Requirement: Please transcribe only the lines from the one holding "The Western Idaho" through the final line of the data, both included, with no pictures.

Information supplied:
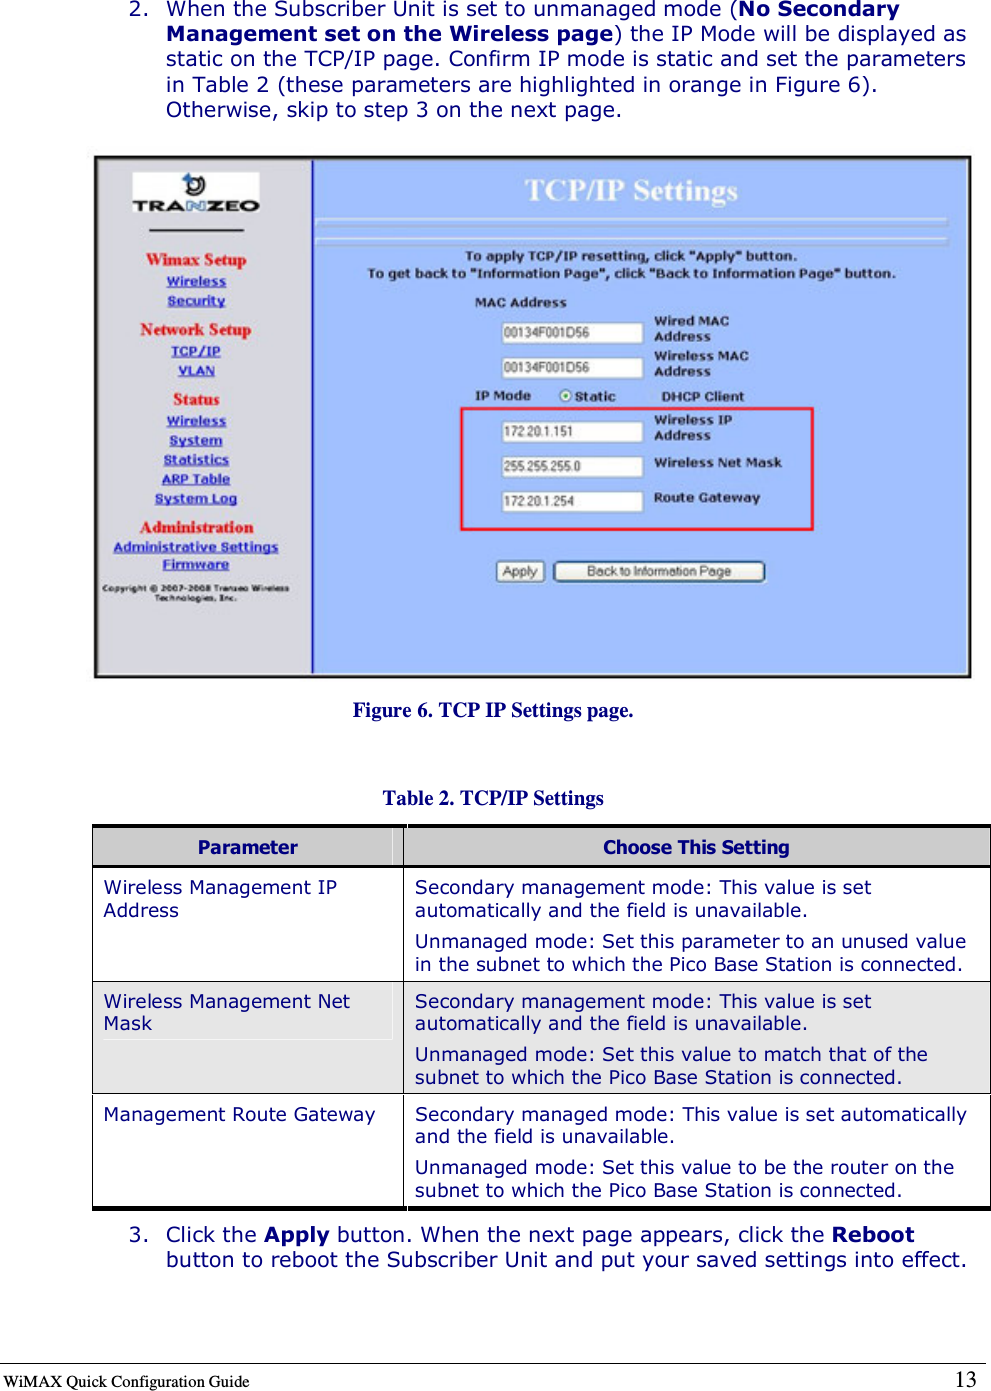  WiMAX Quick Configuration Guide   13    2. When the Subscriber Unit is set to unmanaged mode (No Secondary Management set on the Wireless page) the IP Mode will be displayed as static on the TCP/IP page. Confirm IP mode is static and set the parameters in Table 2 (these parameters are highlighted in orange in Figure 6). Otherwise, skip to step 3 on the next page.  Figure 6. TCP IP Settings page.  Table 2. TCP/IP Settings Parameter  Choose This Setting Wireless Management IP Address Secondary management mode: This value is set automatically and the field is unavailable.  Unmanaged mode: Set this parameter to an unused value in the subnet to which the Pico Base Station is connected. Wireless Management Net Mask Secondary management mode: This value is set automatically and the field is unavailable. Unmanaged mode: Set this value to match that of the subnet to which the Pico Base Station is connected. Management Route Gateway  Secondary managed mode: This value is set automatically and the field is unavailable. Unmanaged mode: Set this value to be the router on the subnet to which the Pico Base Station is connected. 3. Click the Apply button. When the next page appears, click the Reboot button to reboot the Subscriber Unit and put your saved settings into effect.  
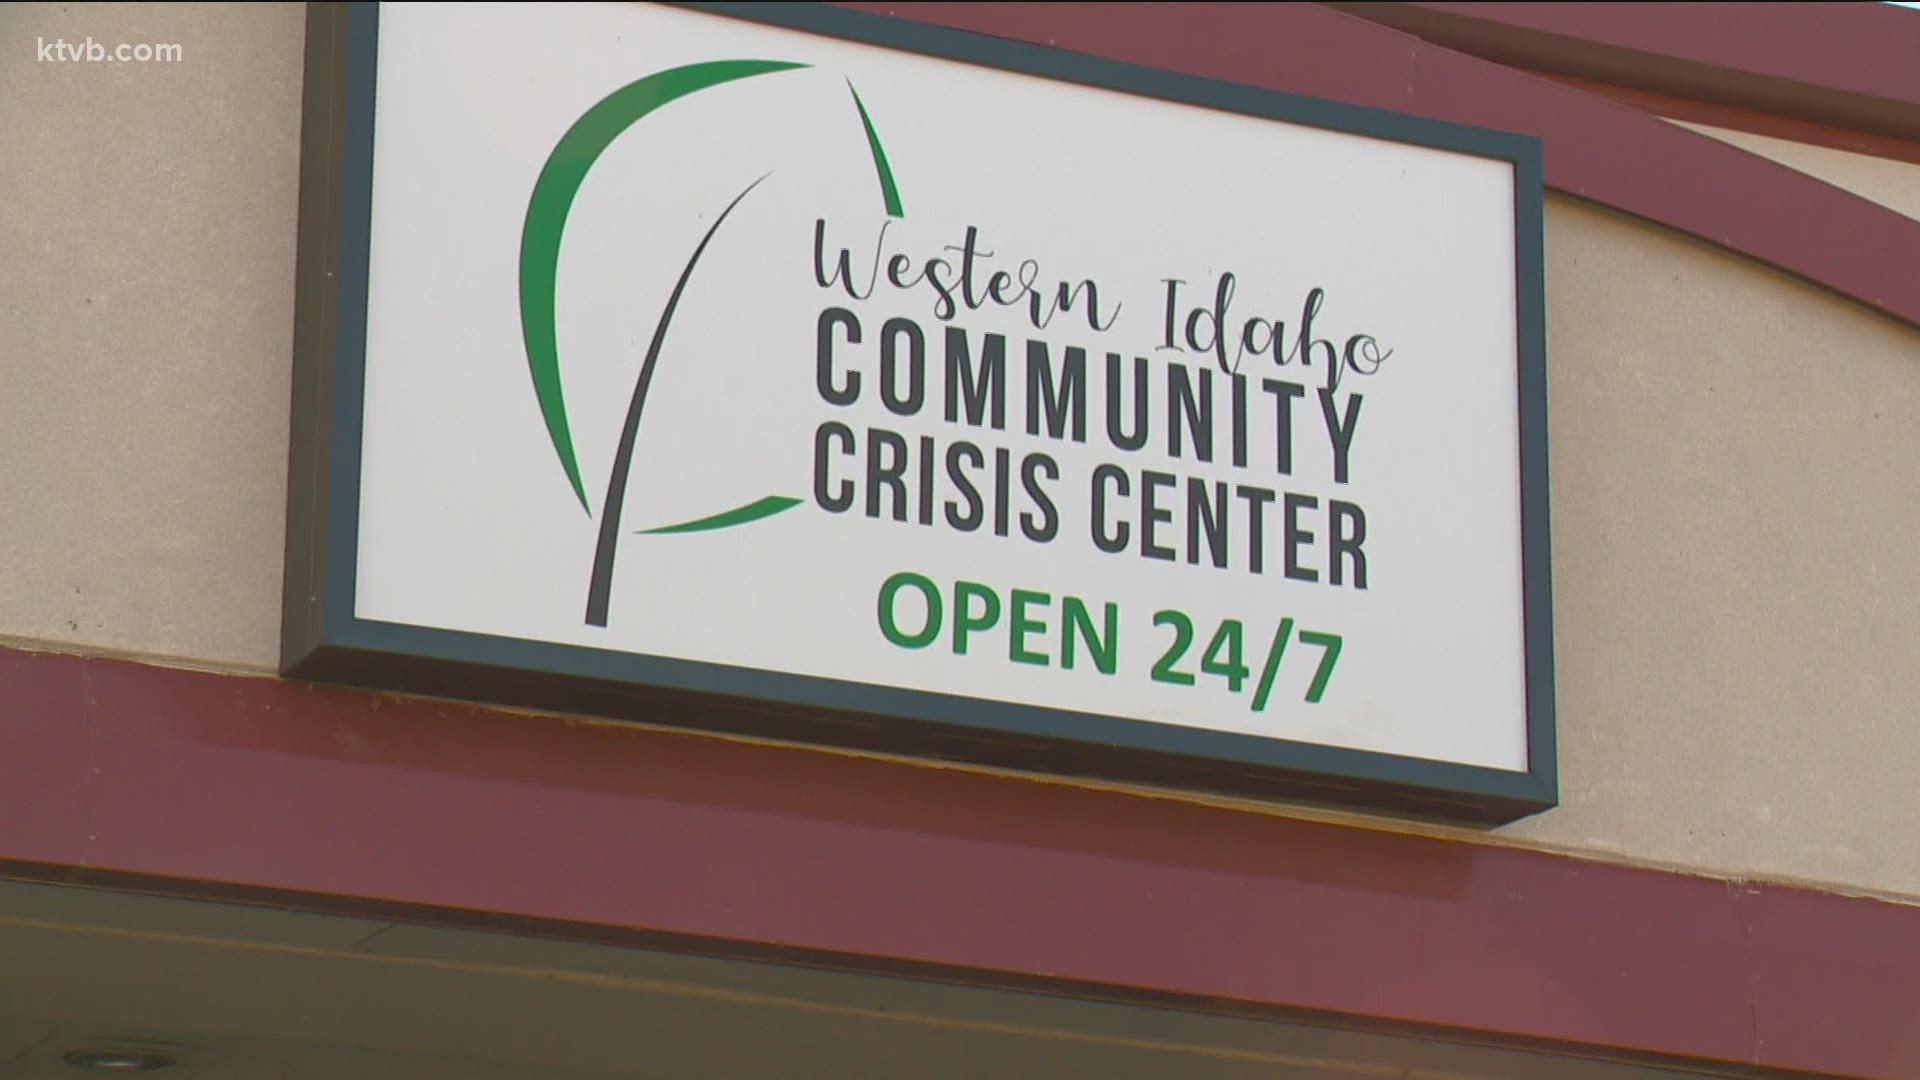 The Western Idaho Community Crisis Center serves several counties and is free.
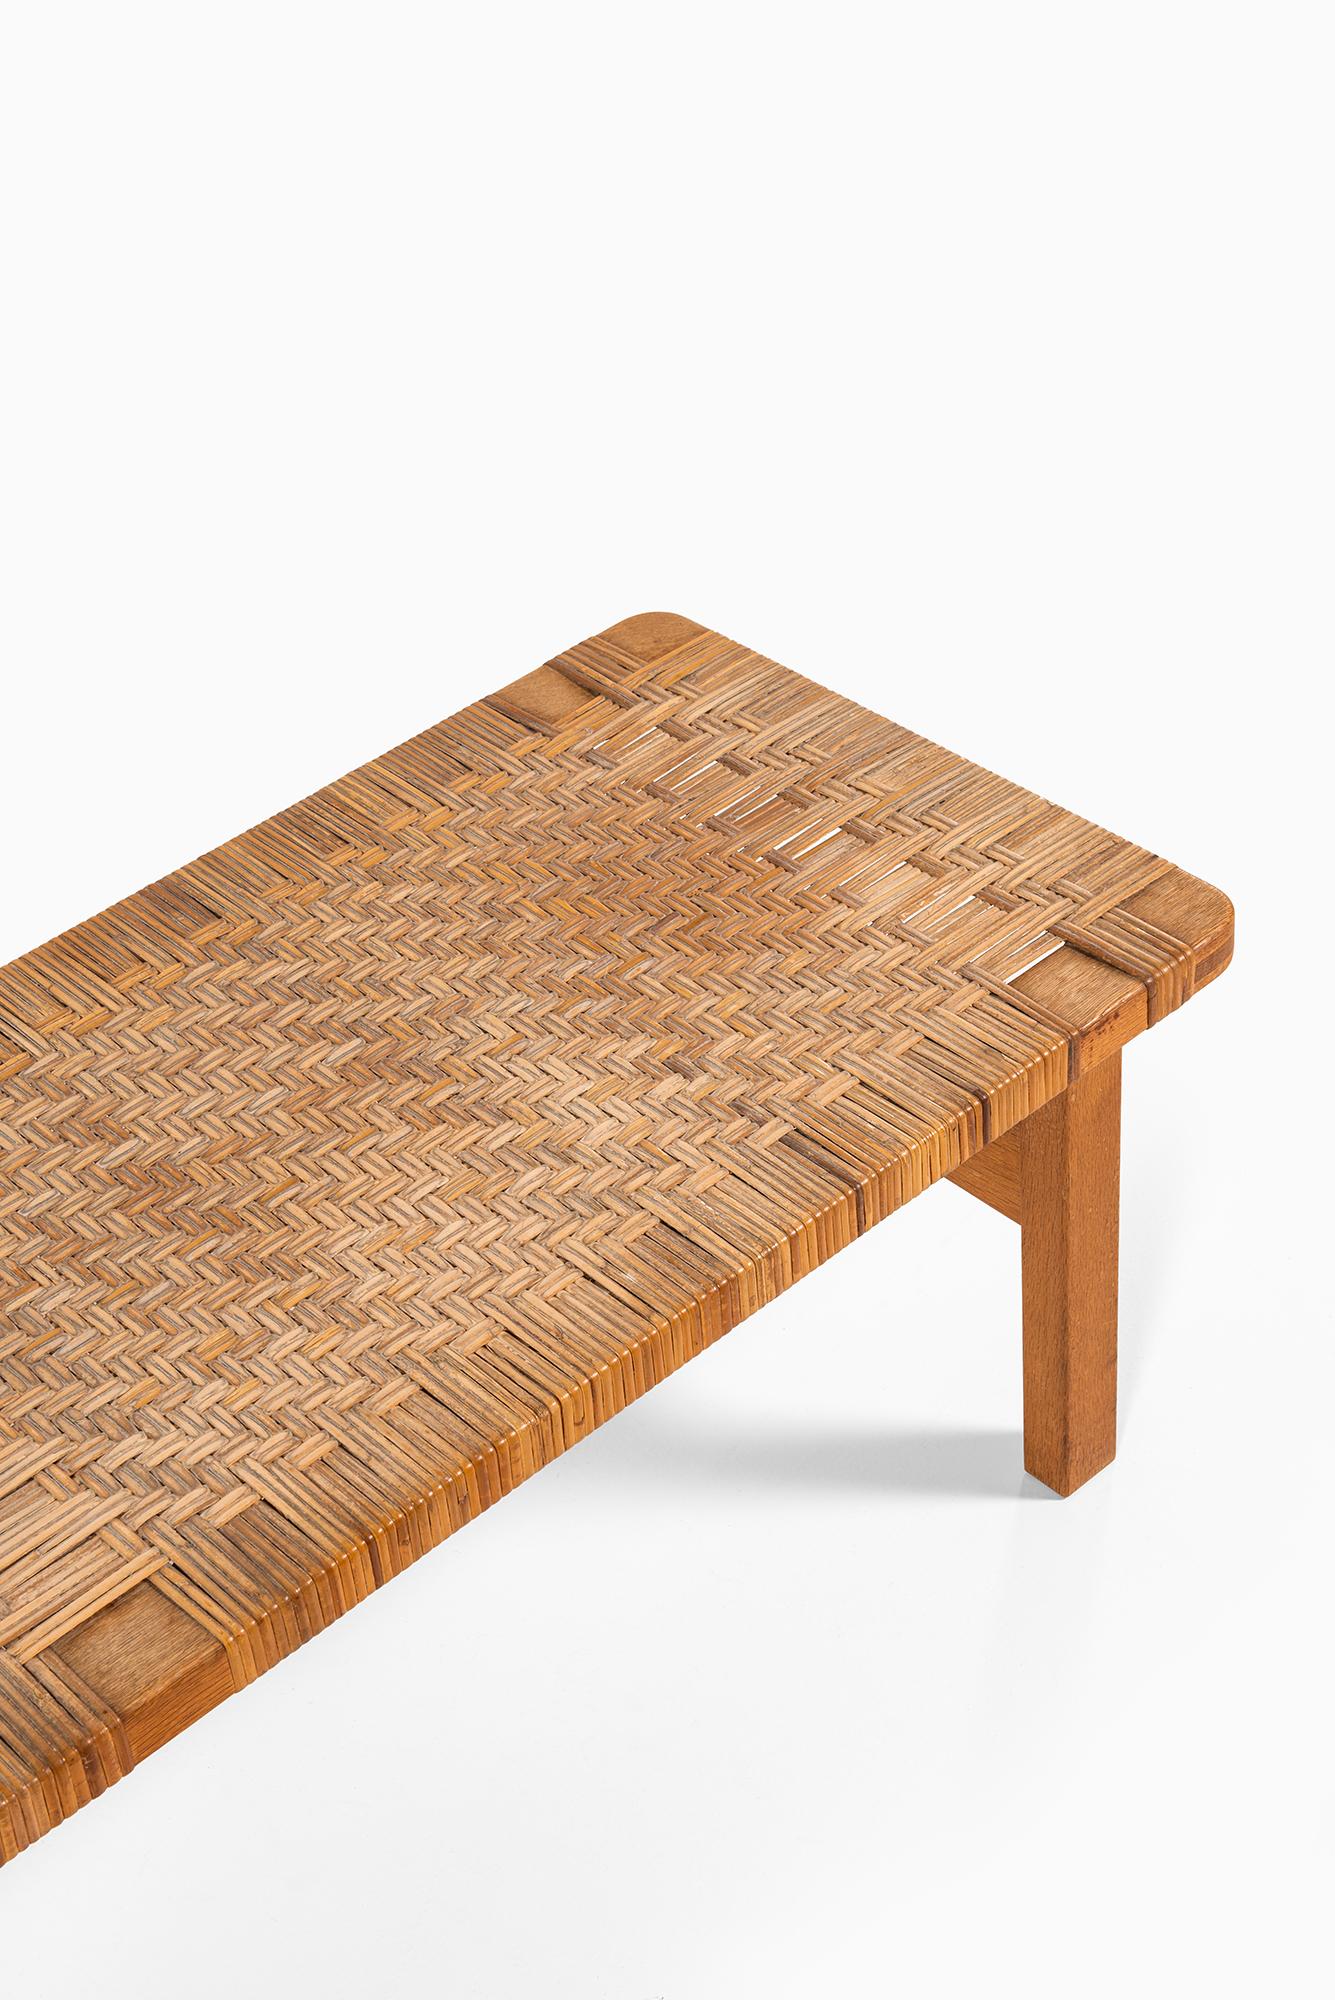 Rare side table in oak and woven cane designed by Børge Mogensen. Produced by Fredericia Stolefabrik in Denmark.
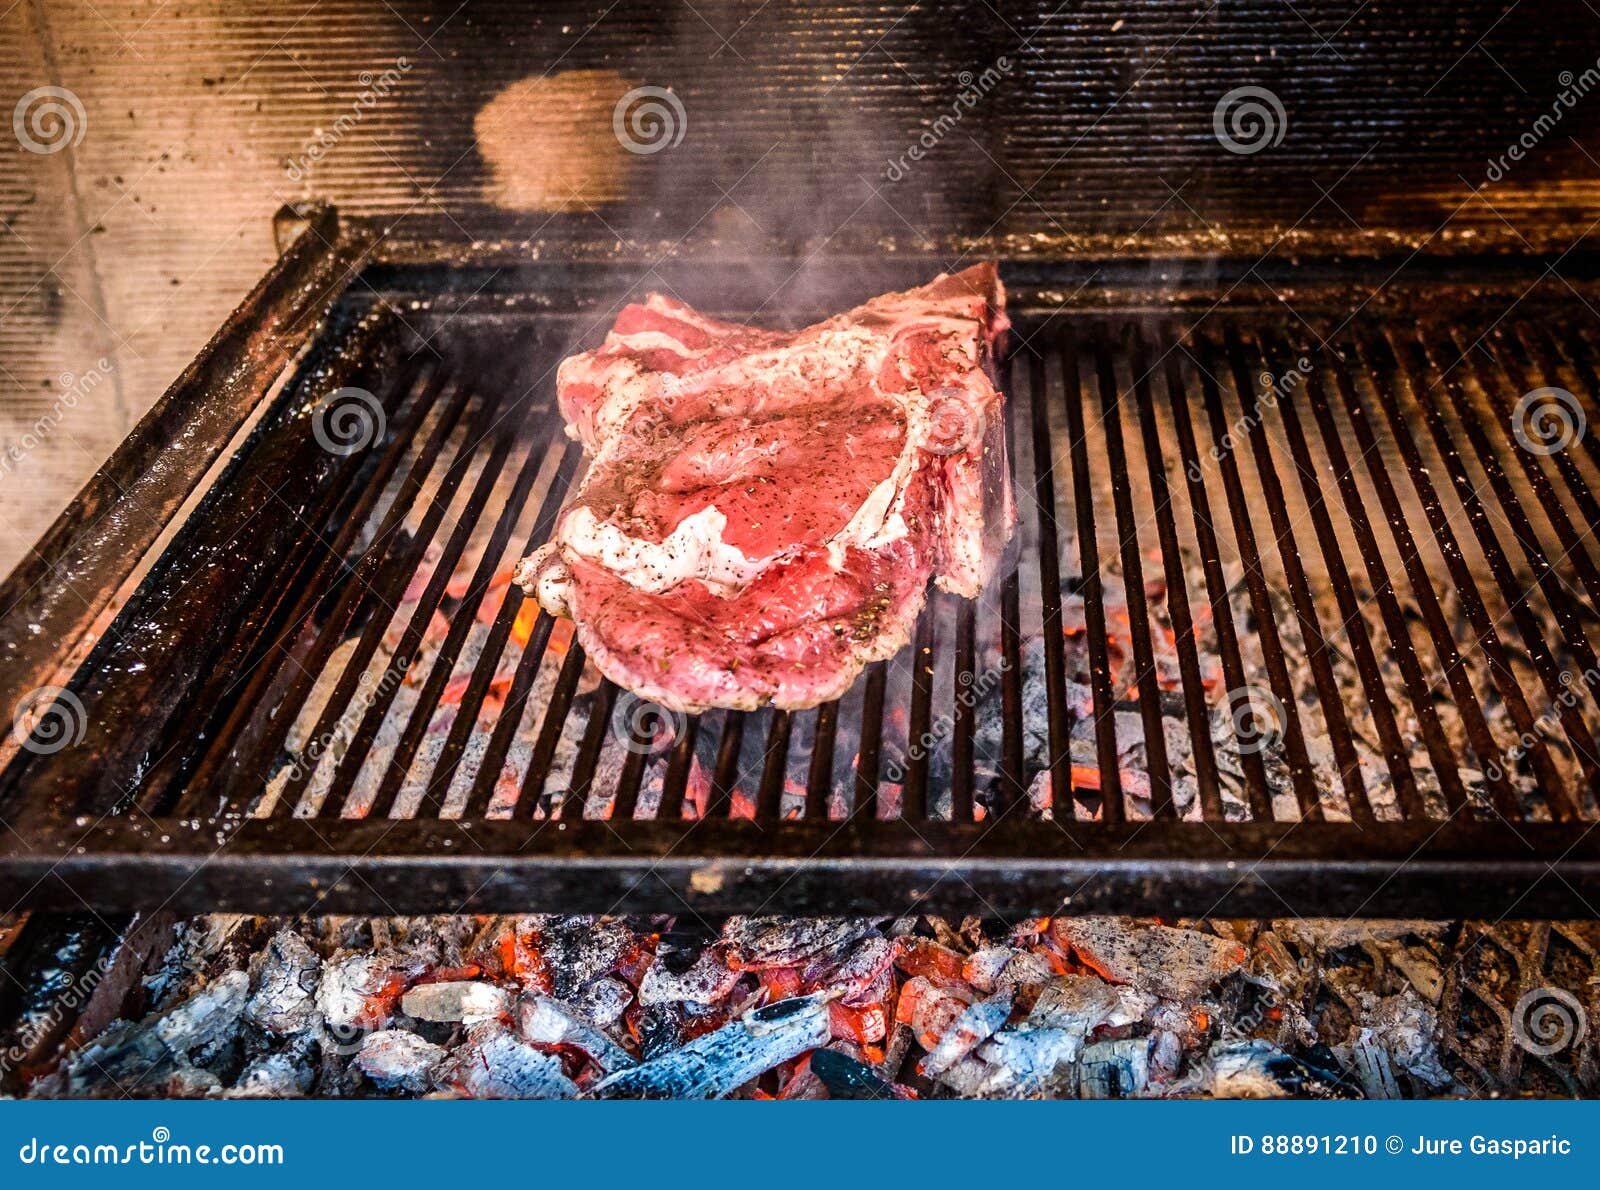 Grilling Big T Bone Steak On Natural Charcoal Barbecue Grill Stock Photo Image Of Food Pork 88891210

Output below:
 The Western Idaho Community Crisis Center serves several counties and is free.
 Rare side table in oak and woven cane designed by Børge Mogensen. Produced by Fredericia Stolefabrik in Denmark.
 Grilling Big T Bone Steak On Natural Charcoal Barbecue Grill Stock Photo Image Of Food Pork 88891210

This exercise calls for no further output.